"I didn't lie to you," Kai said.
"Doesn't change the fact you're a dick."
"No it doesn't," Kai said, already walking and motioning for Jack to follow. He added, "I was a professional dick, in fact."
"Top of your field," Jack said snidely as he followed along, clumsily tripping over his own feet with his heart still racing.
Kai headed up a flight of bowed stairs that spiraled around a mushroom's stalk, and Jack came stumbling behind. They trotted up to the top and into a softly contoured room, dimly lit, warm and humid as the inside of a sleeping bag with the hole drawn shut. A Yuon Kwon cocoon sat in the middle, banded and bulbous like a pillbug's shell in a shifting rainbow of colors.
"Felix," Jack said breathlessly. He couldn't feel the small ship there inside of the cocoon, but it didn't matter; he knew it in his heart of hearts. His friend had been wounded so badly he'd been forced to moult to recover, and it was all Jack's fault.
Without thinking, Jack rushed across the ringed floor and placed his hands on the armored surface. Then something happened that he never could have anticipated. A feeling rushed up and over his hand like a swarm of ants. His vision grew blurry and flashed bright like professional photography, while burning sparklers shot out and swam across his eyes.
Felix and he linked.
The flyer's presence touched him, tired and groggy, having just climbed free of the worst of it. He was on the mend, and Jack felt relieved. Memories flickered by of the people aboard Amira's ship, and then here on Legacy tending to the flyer and looking after his needs while he wailed and cried. The weariness had come over him, and he tiredly spun a protective shell and went to sleep.
Jack pulled away and the link vanished. He looked at his hands in shock, one water-fat and soft, the other shriveled and covered in scars, and he wondered what the hell just happened.
"Is something wrong?"
"I don't know," Jack said. "Either I just linked with Felix somehow, or I'm hallucinating. I could be convinced either way."
He placed both hands back on the shell and the connection came on like a hundred tendrils climbing up his skin. It came faster than before, but he stepped back before it could complete.

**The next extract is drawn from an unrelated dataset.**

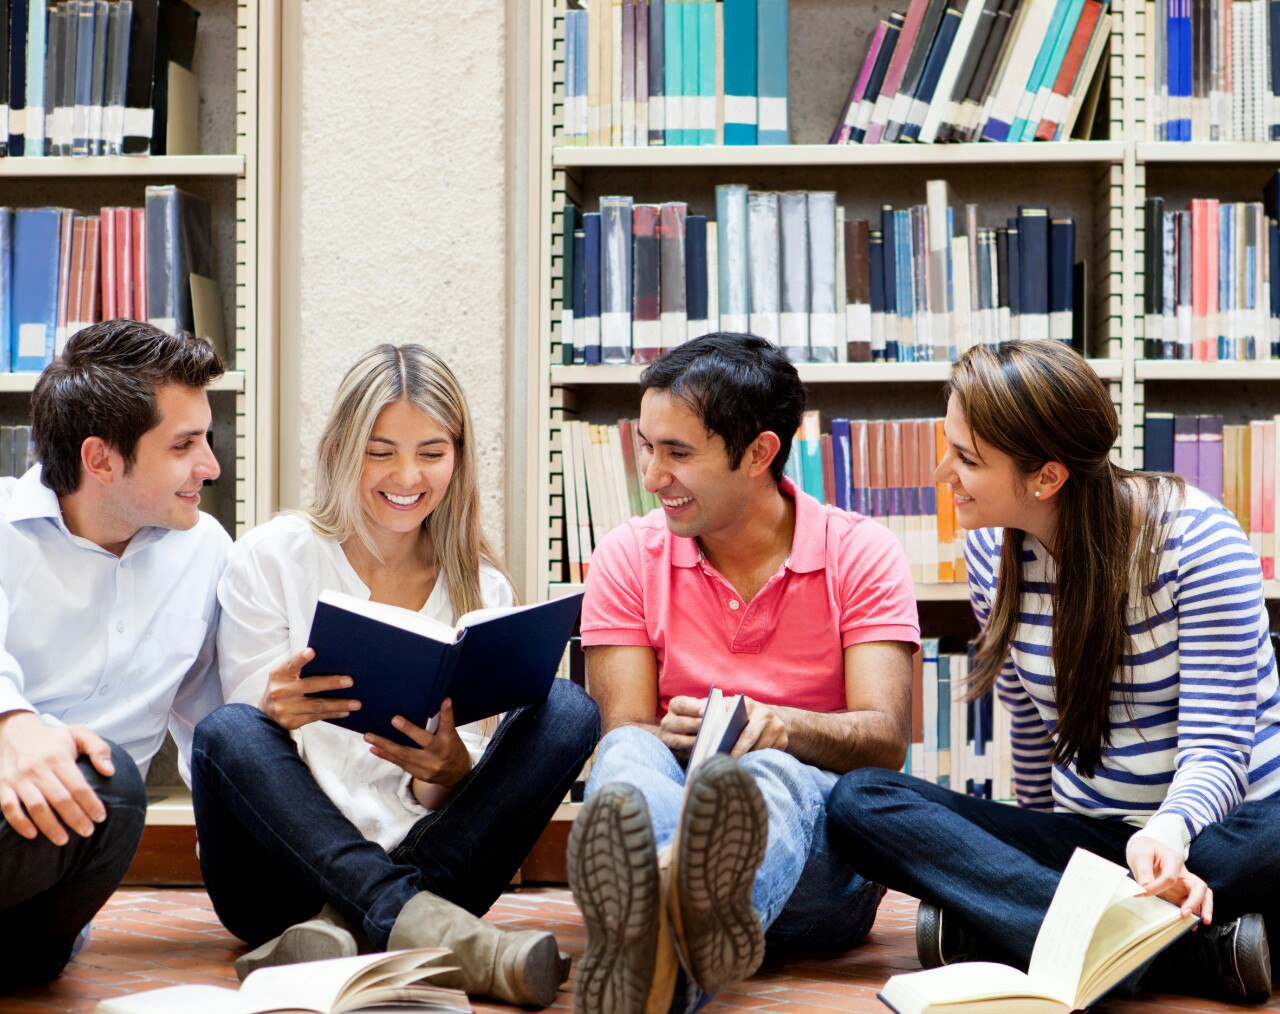 english essays for high school students Essay For High School Students

"Yeah," he said. He flexed the fingers of both hands and tried to process what had just happened. What had just happened twice.
"Could the cocoon act as some kind of telepathic conductor for your kind."
"It didn't last time," Jack said. "I used to wrap my knuckles and drum on on it while waiting for him to finish moulting. He doesn't like that, by the way."
Kai stepped forward, removed his glove and took Jack's hand.
Nothing happened.
Kai took the other hand and still nothing happened. "Weird," he said, sounding more than a little dejected.
Whatever this meant, Jack couldn't stop to process it right now. He was free of his latest cell, but short on both transportation and time. He couldn't leave Legacy without Felix... that simply wasn't going to happen. But what then? Hijack a transport? Find a space-suit and make a break for the Moon's surface?
He only had a small window of opportunity, and he could feel it swinging shut already. He walked wearily to the wall and sat down in the corner, ran fingers through his hair again and tried like hell to think. There weren't any answers lurking inside his thick skull, though.
He exhaled loudly, placed his palms on the floor, and everything around him vanished.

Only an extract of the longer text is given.